*WHAT IS BEING ASKED*
Set down the data below in full, exactly as it reads, but without the pictures.

*THE DATA*
[Start of Attachment]
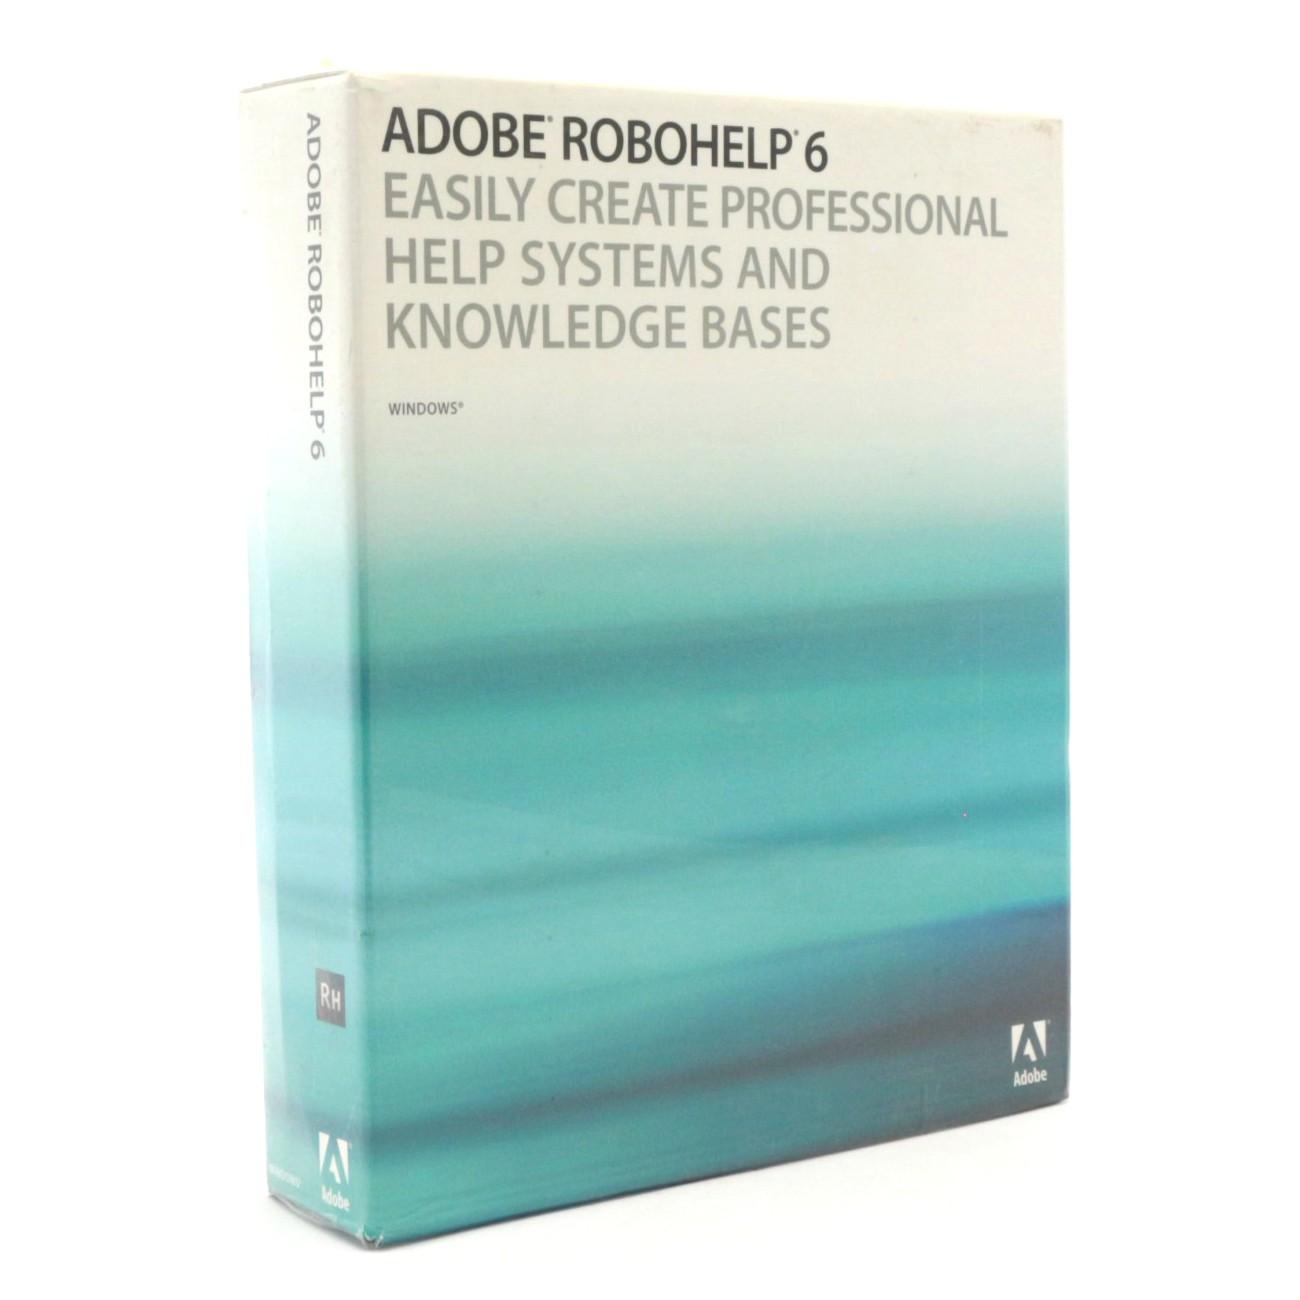 Adobe Robohelp 6
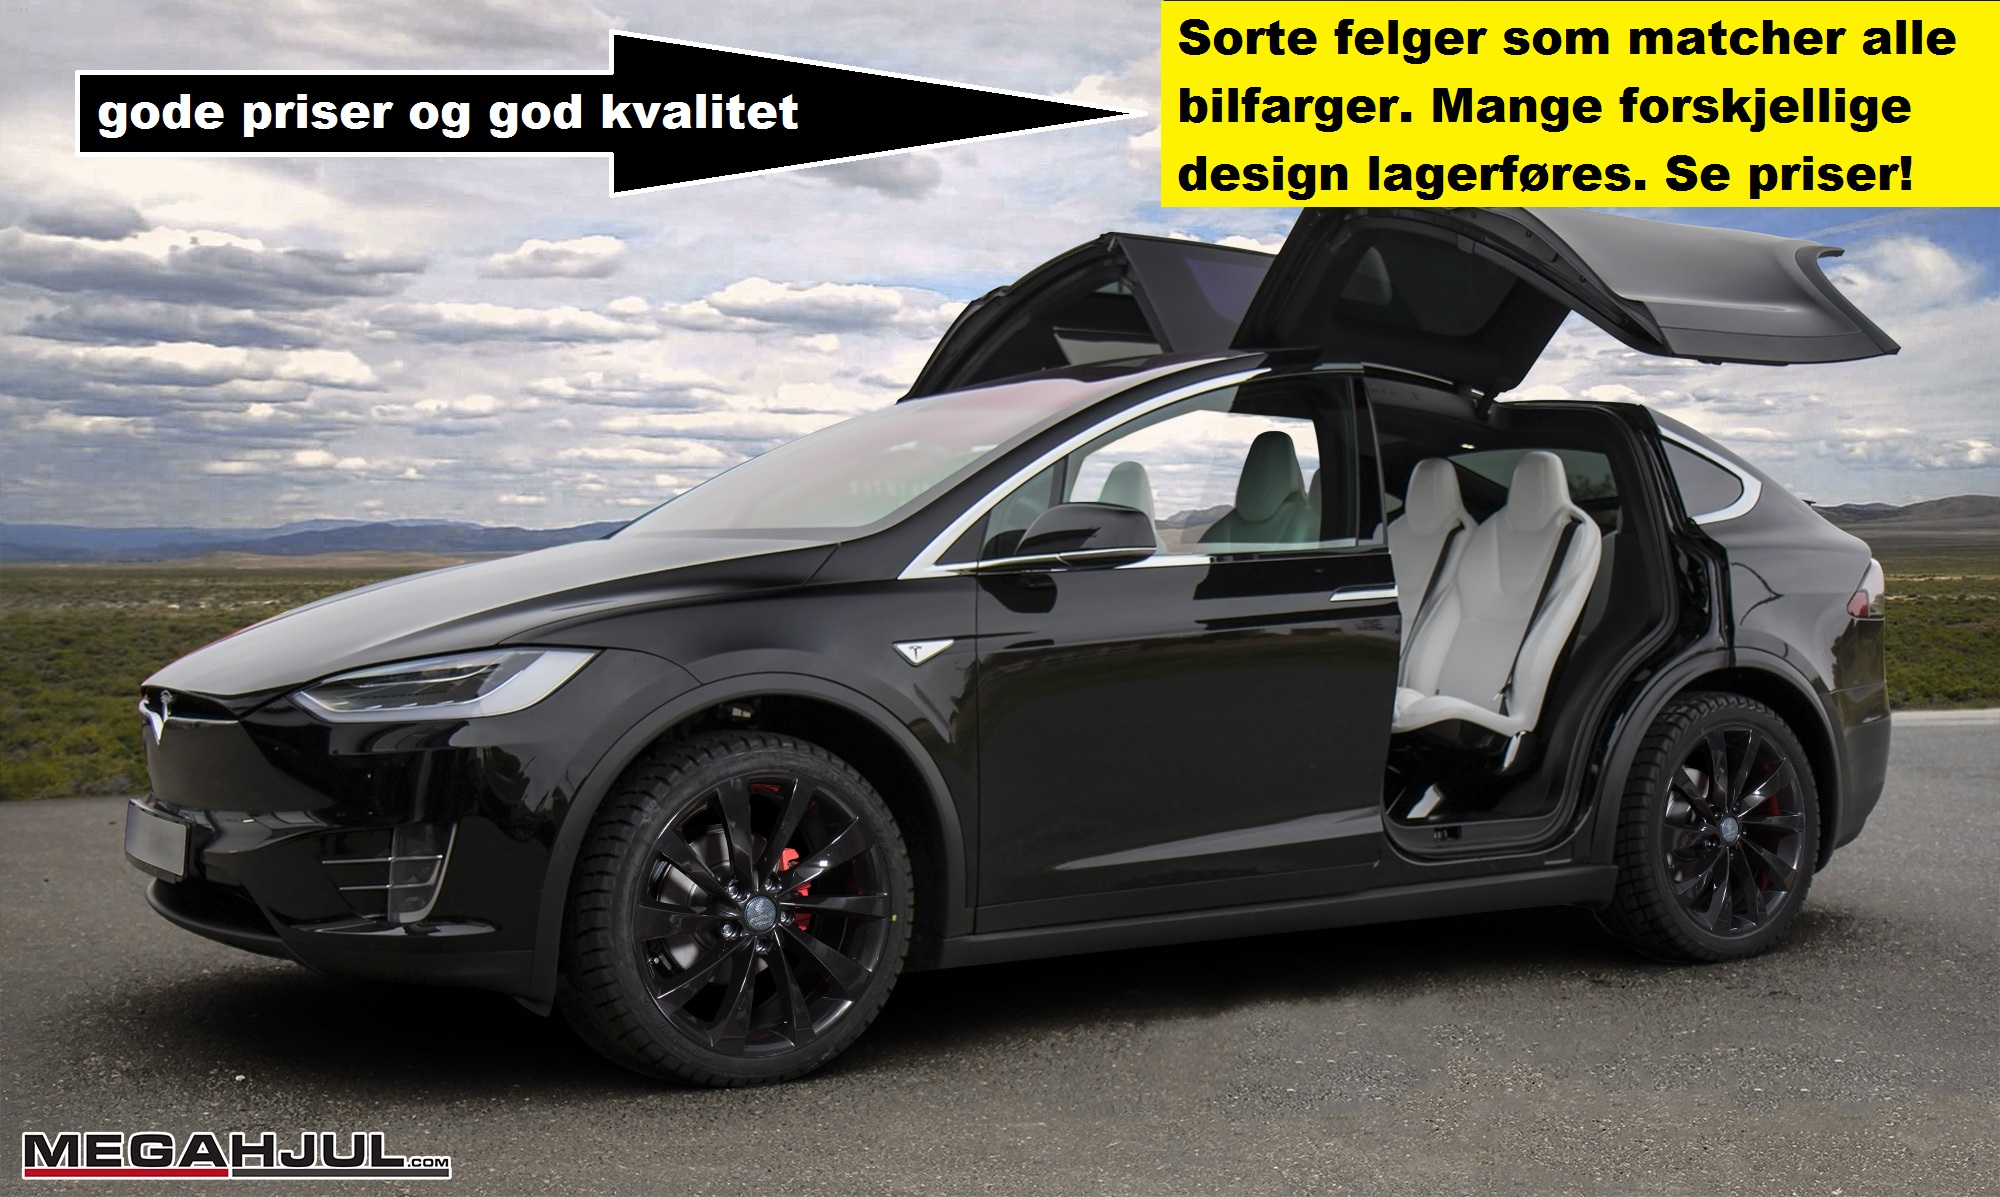 Vinterhjul anbefalt til Tesla Model X
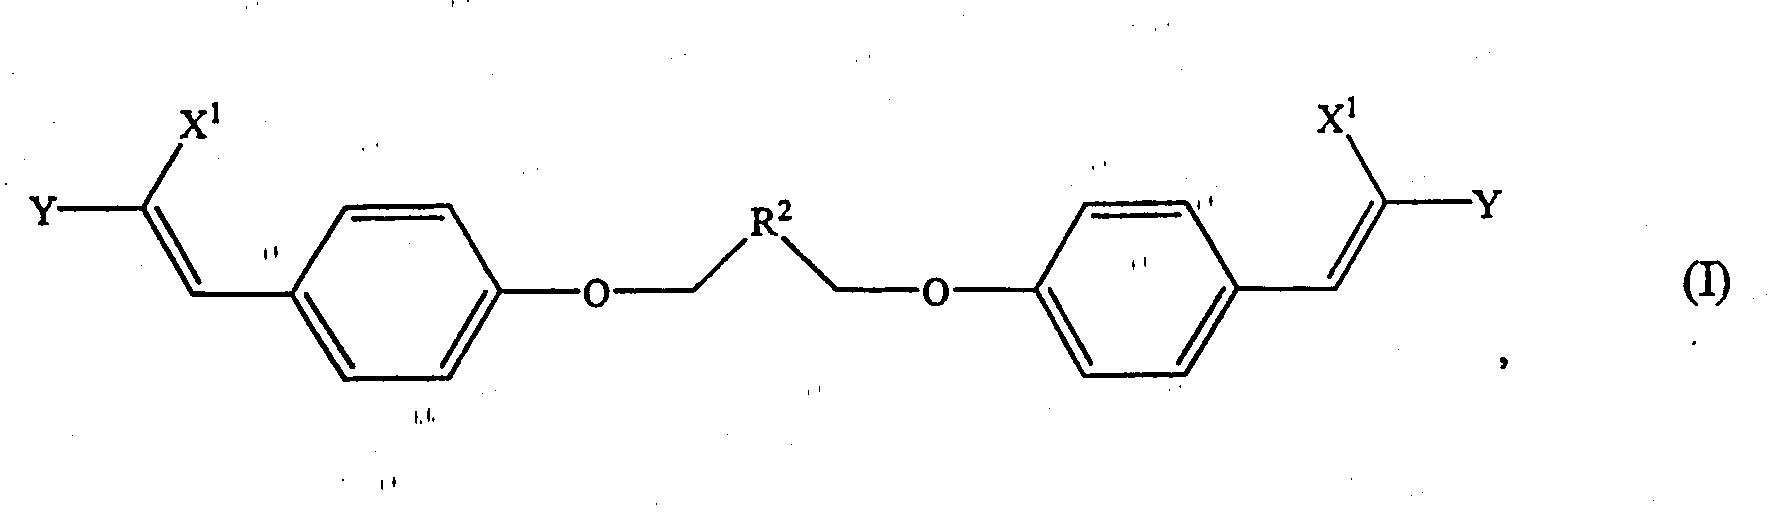 Figure 112004061195235-pct00003
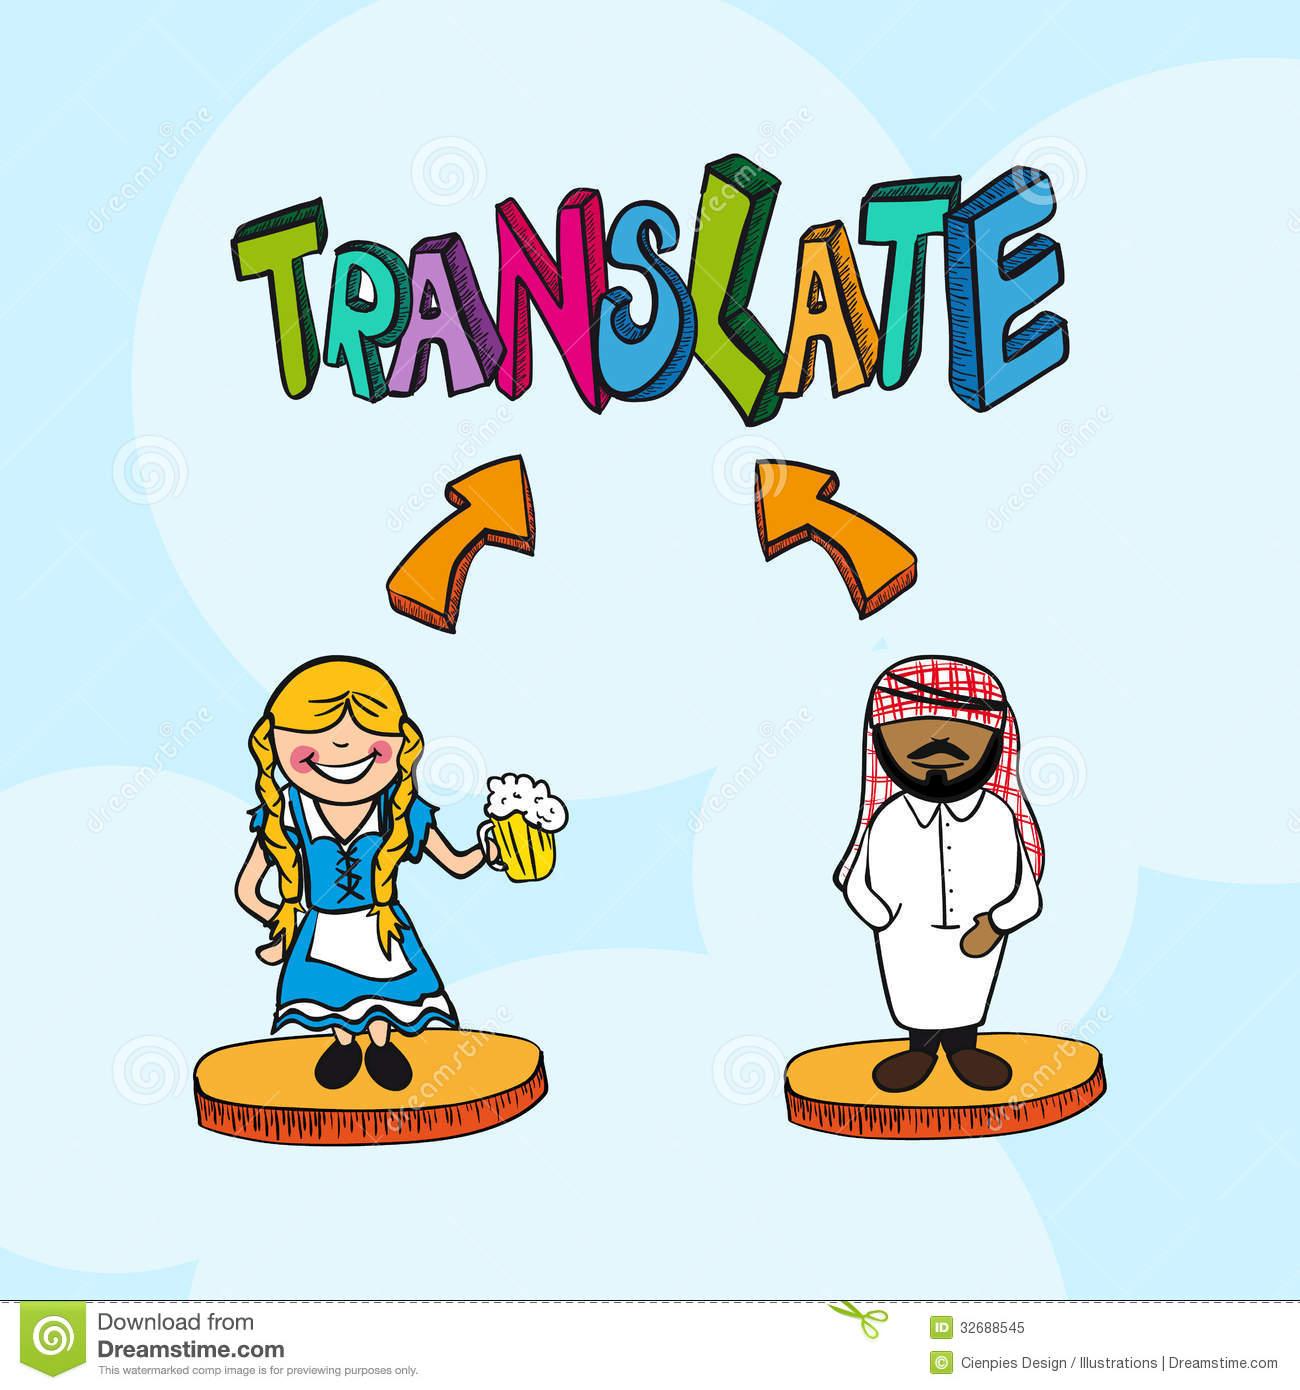 Translator Clipart.
[End of Attachment]
*RESPONSE BELOW*
 Adobe Robohelp 6
 Vinterhjul anbefalt til Tesla Model X
 Figure 112004061195235-pct00003
 Translator Clipart.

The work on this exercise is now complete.